# Elk Stacks

## Bigun

I've began going to security conferences, and I was introduced to ELK stacks.  After some research, I'm starting to understand what an ELK stack is.

Now, what I'm having issue figuring out is what is the ELK stack for?  How is data in the ELK stack populated?  How does one use an ELK stack on a repeatable task basis?  What benefit does having/using an ELK stack give my company/department?

Sorry for asking for clarification here, but googling ELK stack brings back a near perfect example of a word salad mixed with advertisements.

----------

## Jaglover

DuckDuck...

----------

## Hu

For those of us who have not gone to these conferences, perhaps you could define the key terms in your opening post.  I somehow doubt this involves creating towers of wildlife, but that's the only meaning of "ELK stack" that occurs to me.

----------

## saboya

This is like asking "What benefit does having a SQL server give my company/department?". If you can't answer that question, you probably don't need it.

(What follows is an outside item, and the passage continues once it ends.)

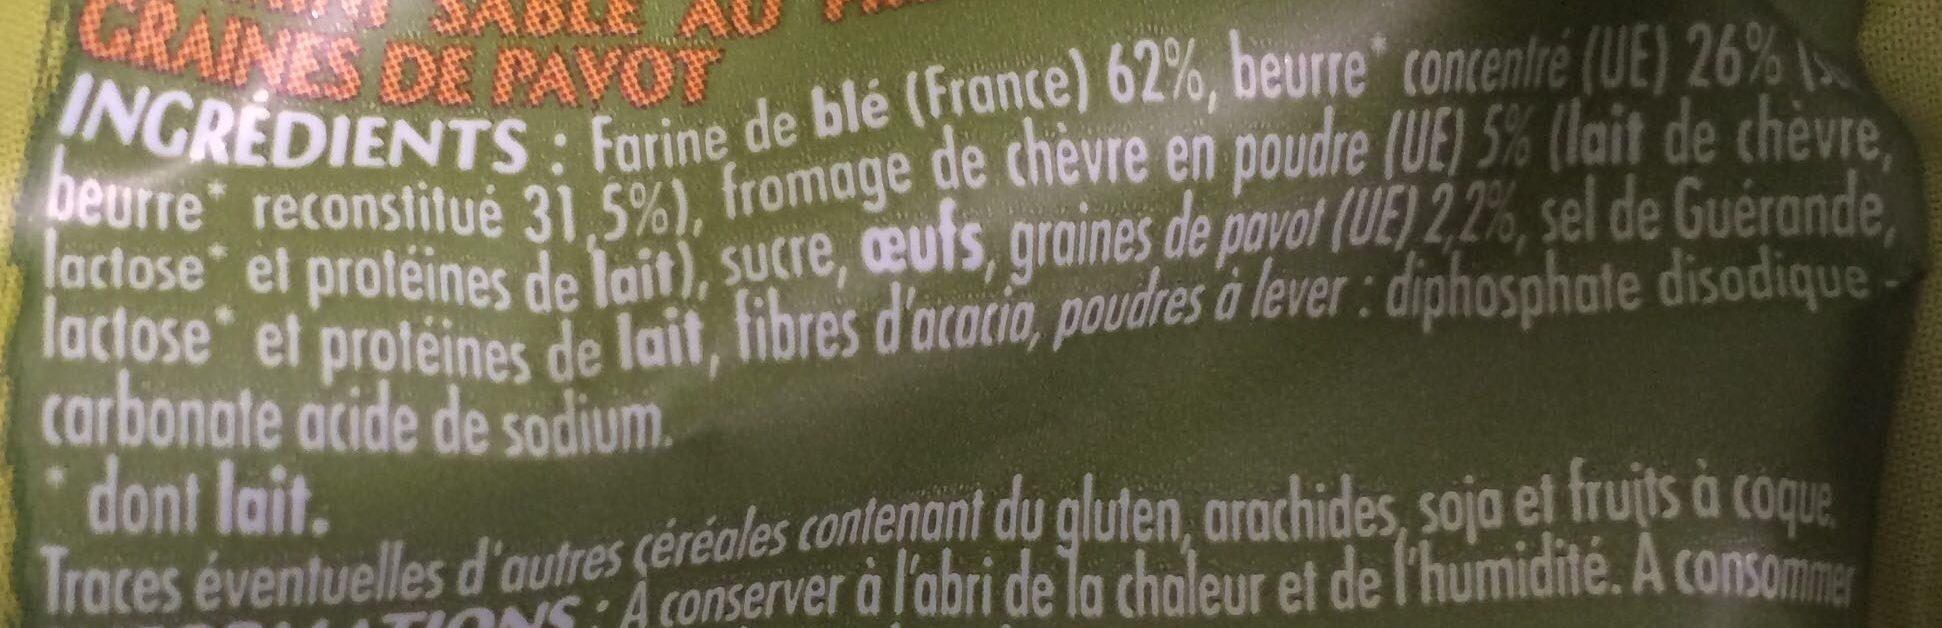 Les petits sablés au beurre Chèvre et Pavot - Ingrediënten - fr

For those who don't know, ELK stands for ElasticSearch + Logstash + Kibana.

----------

## Hu

saboya: thank you.  After posting, I ran the search Jaglover suggested, and it suggested that answer.  I decided not to amend my post both because a tower of elk was amusing to me and because I wanted the original poster to confirm that the hits from Jaglover's search were relevant to the question, rather than a coincidental match.  I've had too many occasions where short unoriginal names can mean very different things to different groups.  Wine (the beverage) versus Wine (the Windows compatibility layer) comes to mind as the most prominent example of coincidental unhelpful search engine results, although that pairing is usually disambiguated by surrounding context.

----------

## Bigun

 *saboya wrote:*   

> This is like asking "What benefit does having a SQL server give my company/department?". If you can't answer that question, you probably don't need it.
> 
> For those who don't know, ELK stands for ElasticSearch + Logstash + Kibana.

 

Maybe I wasn't clear enough, the response was a little on the douchey side, and it may be my fault.

I was under the understanding that ELK stacks are commonly used for log audits.  Just wondering how that gets populated with logs, and what daily maintenance would look like.

Getting search results that are clouded by software companies trying to sell you add-ons vs learning the damn technology pisses me off.

----------